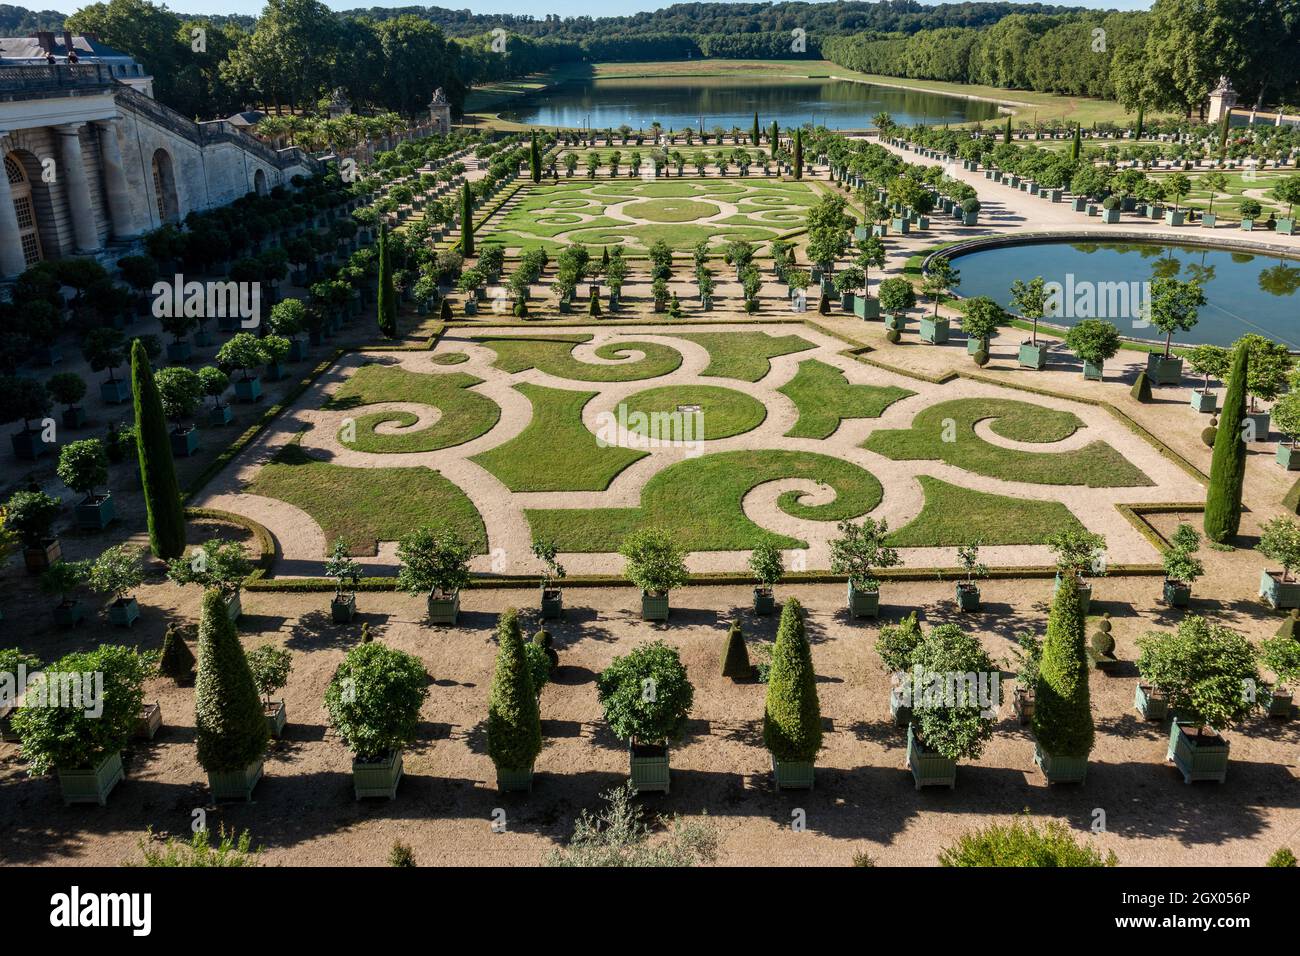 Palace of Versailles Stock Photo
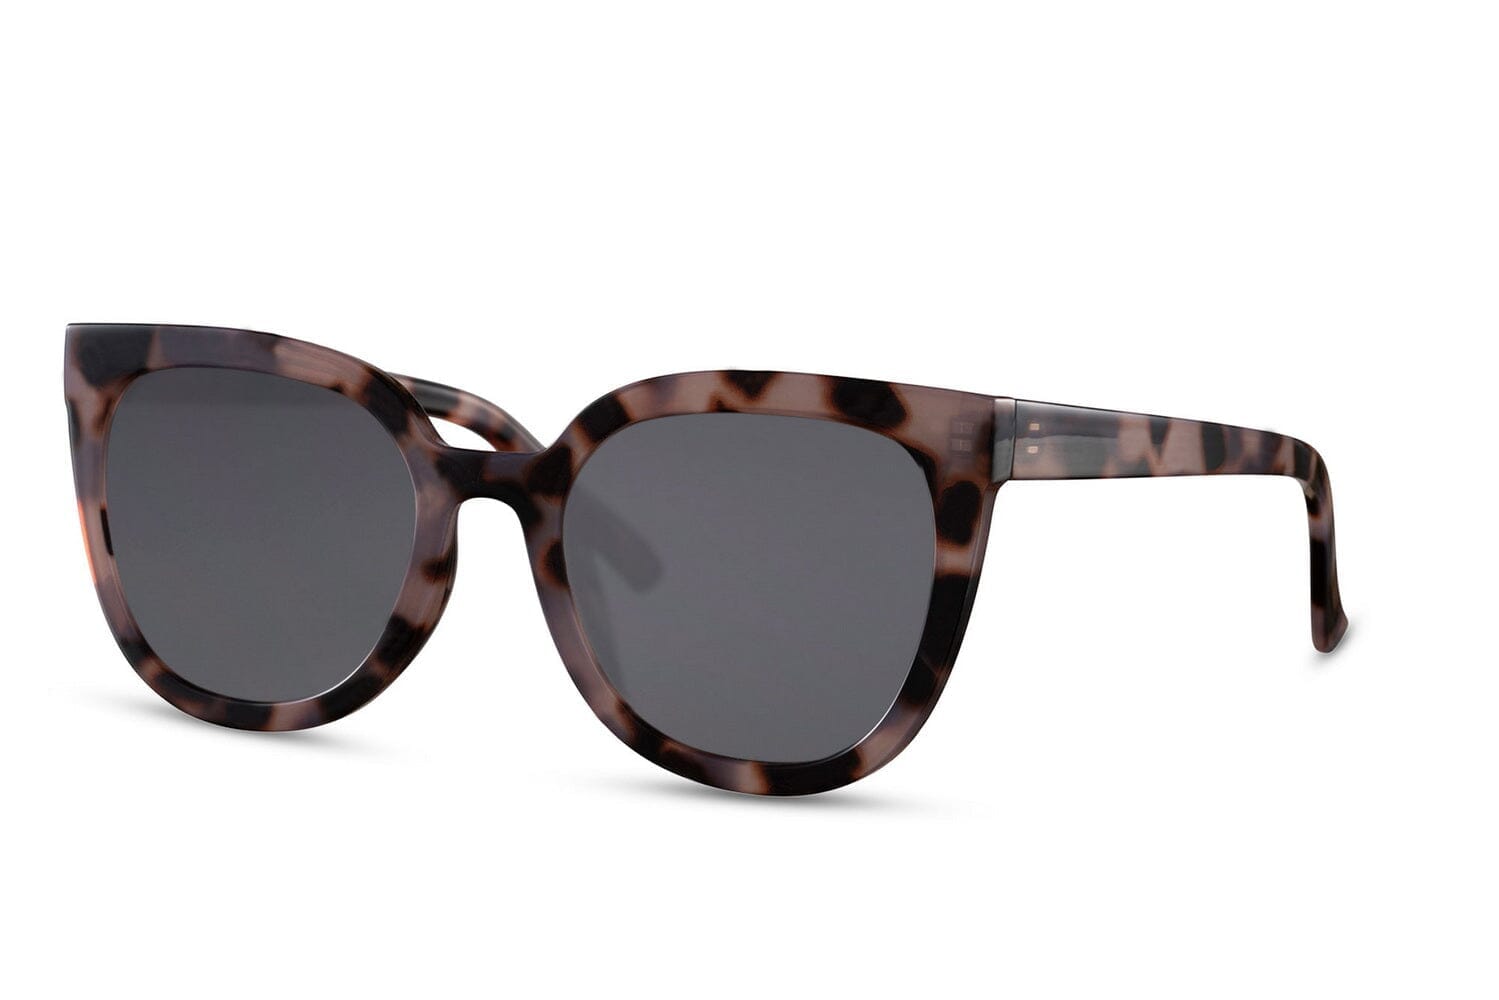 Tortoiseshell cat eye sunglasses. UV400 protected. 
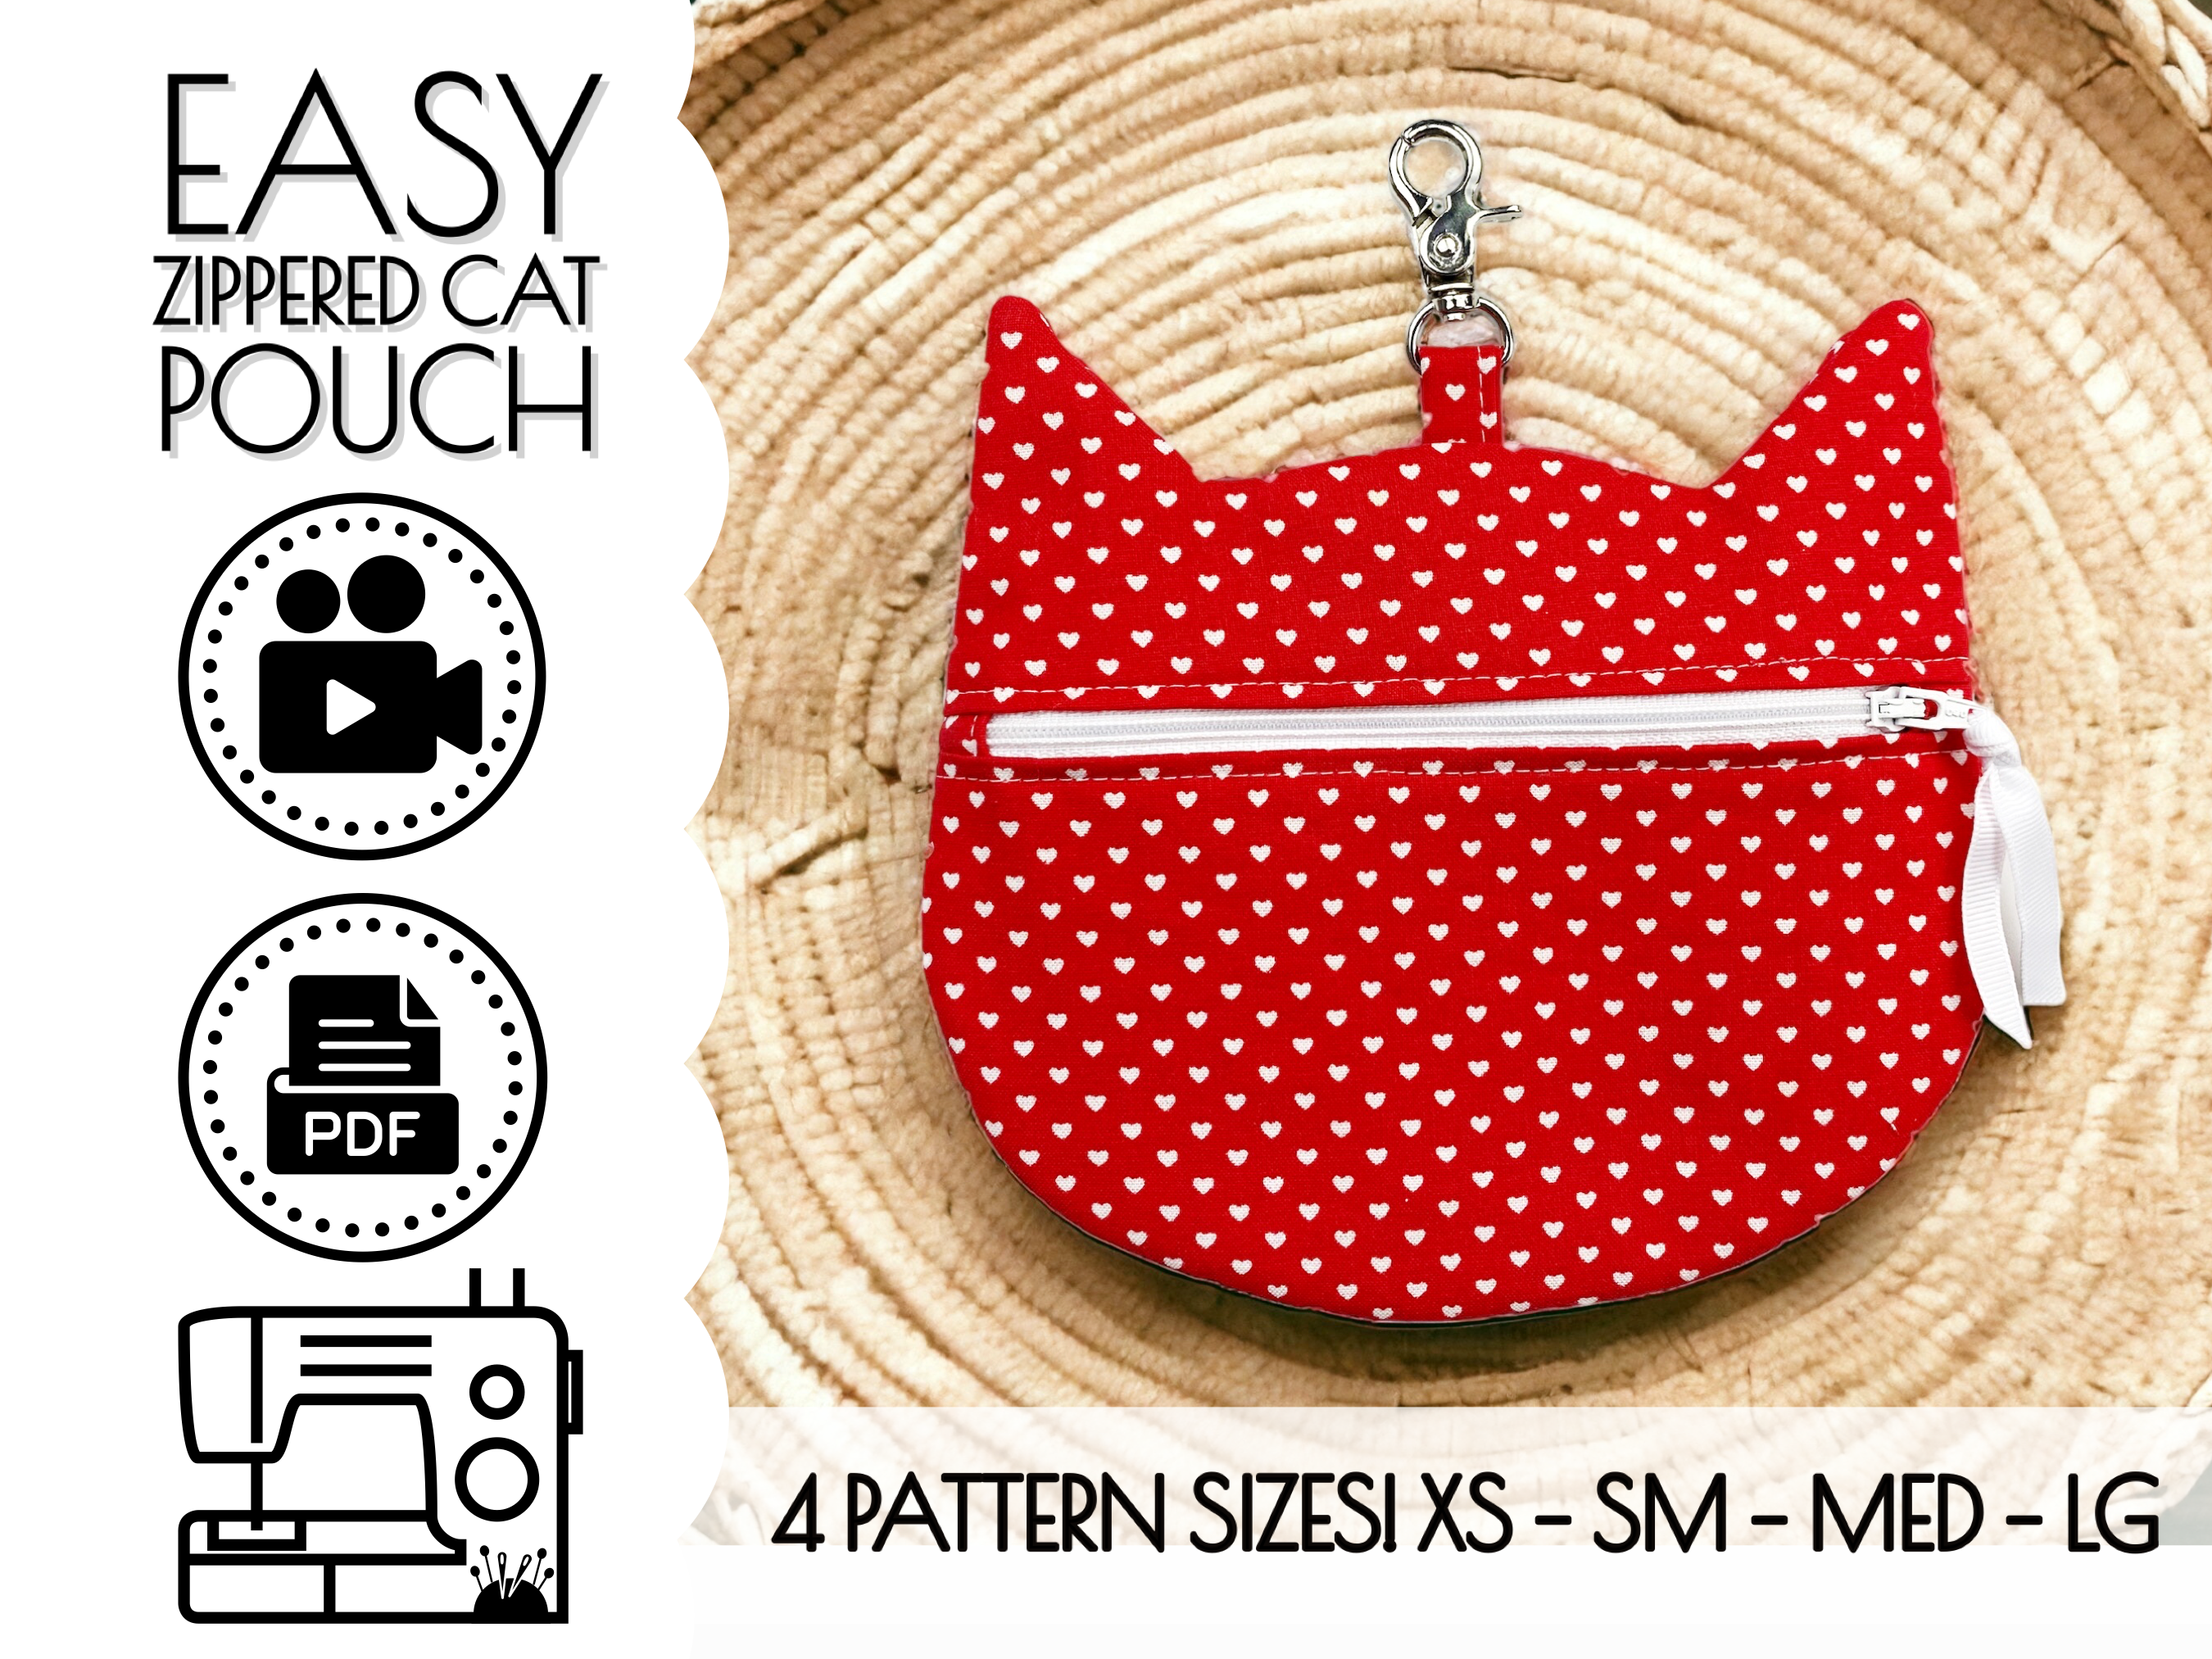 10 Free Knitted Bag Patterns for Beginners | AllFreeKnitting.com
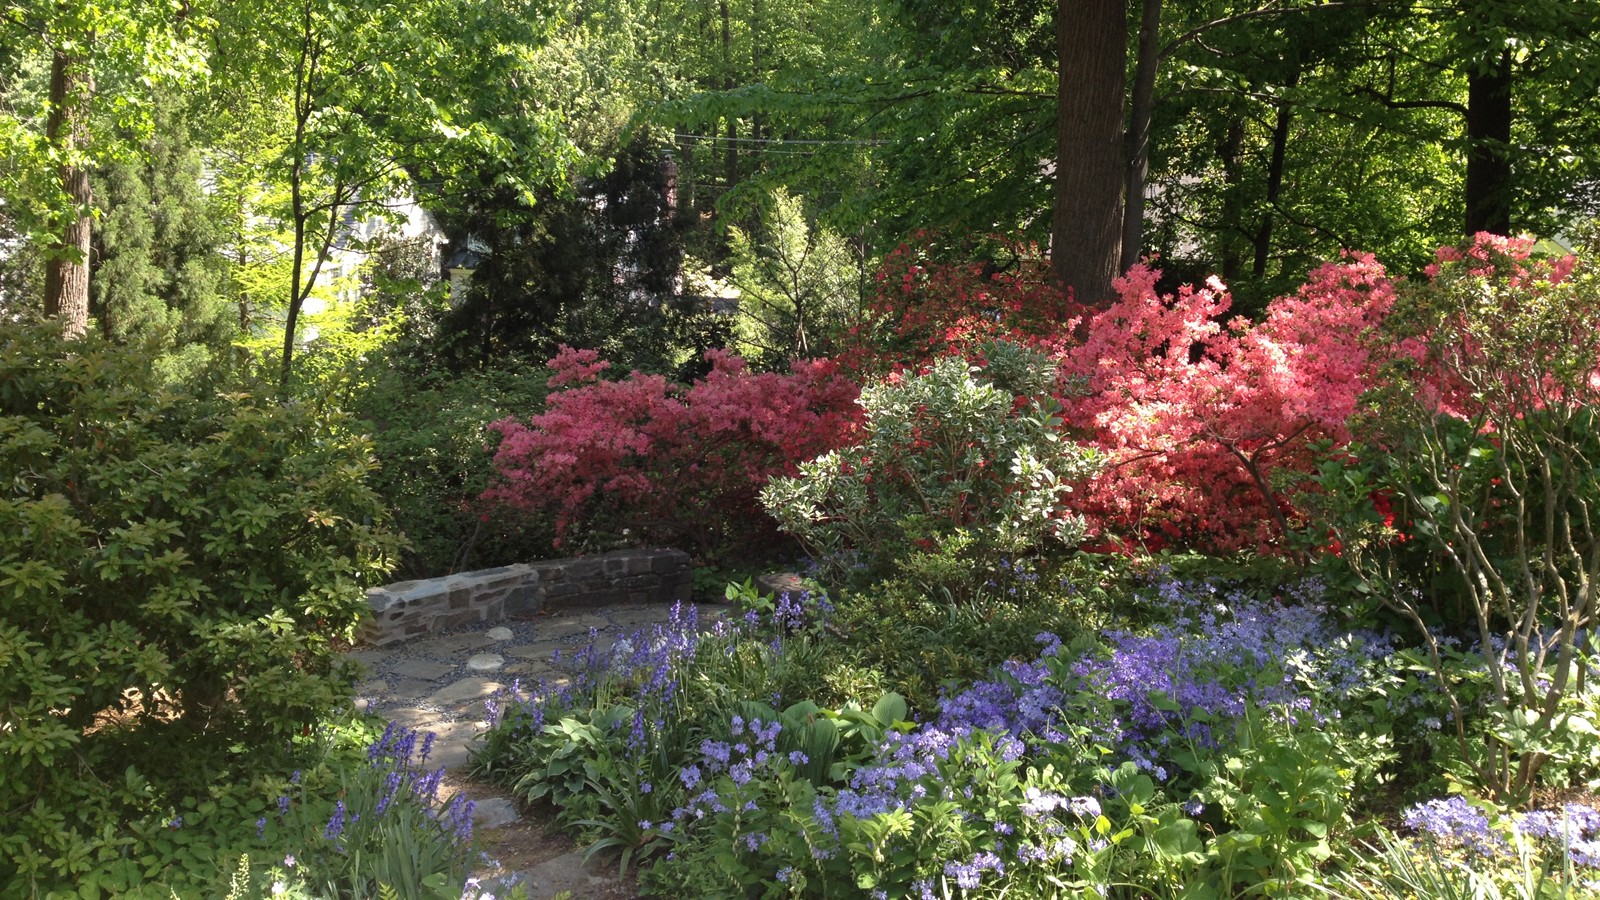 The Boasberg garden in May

WHAT THE EXERCISE ASKS:
From the line containing "10 Free Knitted" down to the final line of the listing above, write out only those lines exactly as they are, minus the pictures.

YOUR RESPONSE:
 10 Free Knitted Bag Patterns for Beginners | AllFreeKnitting.com
 The Boasberg garden in May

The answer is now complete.